Regulatory T cells can suppress the Th2 response, and the balance between these 2 cell types is central to development of tolerance. It is not known whether a primary immune-deficiency/imbalance might be the prime cause of AD. Single nucleotide polymorphisms (SNPs) in, for example, ST2 (a member of the interleukin 1 family), IL-13, IL-12, have been reported to be associated with AD, and a huge work in developing a taxonomy for AD subtypes based on serum levels of cytokines has been undertaken (85). A recent work was able to distinguish at least 3 different subtypes of AD, based on analysis of 147 different soluble factors, yet this does not, in itself, show that the immune response is the prime cause of the disease (86). Rather, it indicates that patients with AD have different propensity to react to exogenous stimuli and that, even within the group of patients with AD, this differs slightly and gives rise to different subtypes. The result of this may be the development of personalized medicine for patients with AD (87).

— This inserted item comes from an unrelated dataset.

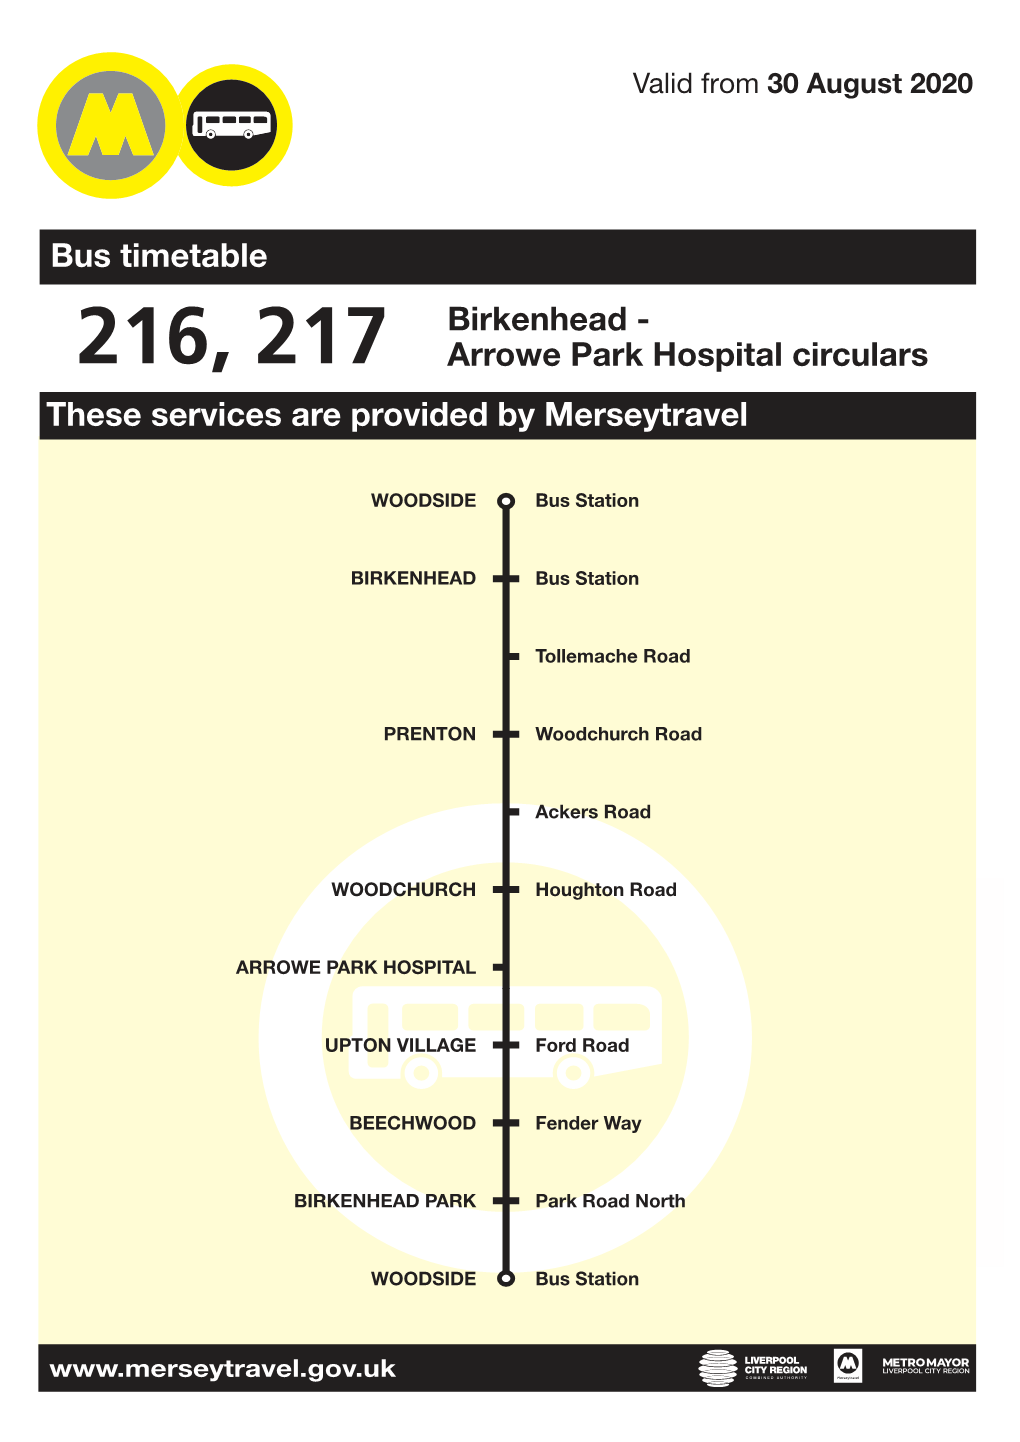 Bus Timetable These Services Are Provided by Merseytravel

Adult patients with AD have significantly elevated levels of circulating cytokines and chemokines (87). While it is intriguing to consider that the systemic inflammation in AD can negatively affect the function of other organs, such as the central nervous system and vascular system, there is currently no convincing evidence to support this. Nonetheless, AD has been associated with anxiety, depression, autism and attention deficit disorders, and it is possible that cytokines may cause a leaky blood–brain barrier and become absorbed into the cerebrospinal compartments and negatively affect cognitive development, by affecting the glia cells and neurogenesis. Decreased sleep quality due to itch is, however, also a major risk factor for ADD and depressive symptoms. The link between asthma and AD is not fully understood, but the shared type 2 immunity and effect of dupilumab on severity of both AD and asthma support that systemic inflammation could play an important role. While some patients with AD experience worsening of their AD during or after asthma attacks, it is unclear whether this is explained by psychological stress or by cytokines reaching the skin.

This review highlights some important disease mechanisms of AD. While understanding of AD has improved in recent years, many basic aspects are still not understood. For example, why do AD lesions outside the flexural areas tend to clear once flexural eczema is controlled? Why is AD a flexural disease? What triggers an AD flare? What explains the resolution of AD in the majority of children? What is the role of foods as triggers for AD? Why do AD children have fewer naevi than controls? These are just some of many unanswered questions. In conclusion, more research is needed into this complex skin disease.